Contributors

31st of January 2017: “A DAY NOT SEIZED? : CITIZEN ACTIVISM AND THE NEW POLITICAL REALITY”

STEVEN FRIEDMAN

Steven Friedman is the Director of the Centre for the Study of Democracy at Rhodes University and the University of Johannesburg. He is a political scientist who has specialized in the study of democracy. During the 1980s, he produced a series of studies of reform apartheid and its implications for a democratic future. Friedman has researched and wrote widely on the South African transition to democracy both before and after the elections of 1994 and has, over the past decade, largely written on the relationship between democracy on the one hand, social inequality and economic growth on the other. In particular, he has stressed the role of citizen voice in strengthening democracy and promoting equality.

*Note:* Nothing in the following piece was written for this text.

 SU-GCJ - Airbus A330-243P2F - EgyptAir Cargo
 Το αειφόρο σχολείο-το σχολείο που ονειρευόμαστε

26th of October 2016: “AN ALTERNATIVE TO DEMOCRATIC EXCLUSION? THE CASE FOR PARTICIPATORY LOCAL BUDGETING IN SOUTH AFRICA”

CAROLYN BASSETT

Carolyn Bassett is Associate Professor, Department of Political Science and Director, International Development Studies Program at the University of New Brunswick in Fredericton, Canada. She has researched South African politics for more than 25 years, focusing on policy processes and the role of civil society, especially trade unions. Her work has been published in Review of African Political Economy, Third World Quarterly, Journal of Contemporary African Studies and other journals, and she is currently working on a book on COSATU and the policy process in South Africa.

20th of October 2016: “SOUTH AFRICA: PUBLIC PARTICIPATION IN POLICY-MAKING – A PRACTICAL
EXAMINATION”

IMRAAN BUCCUS

Imraan Buccus is a Senior Research Associate at ASRI. He is also the academic director of a university study abroad program on political transformation and concurrently a Research Fellow in the School of Social Sciences at UKZN, and the editor of Al Qalam. Buccus is the former editor of Critical Dialogue, a journal of Public Participation in review, he co-authored the National Framework on Public Participation for the South African government. During his time at the Centre for Public Participation, he led an initiative to bring policy making spaces closer to ordinary people and also led a project to assess the state of participatory democracy in Namibia. He has wide ranging experience working with various donor agencies including the Ford Foundation, NiZA, EU, Kellogg Foundation and the Open Society Foundation. In the early 2000’s Buccus worked as academic coordinator of the Workers College, a progressive experiential education college for workers from the trade union movement, where he developed a passion for experiential education and its personal and academic developmental potential. Imraan is also widely published, in academic journals and book chapters, in the area of participatory democracy, poverty and civil society.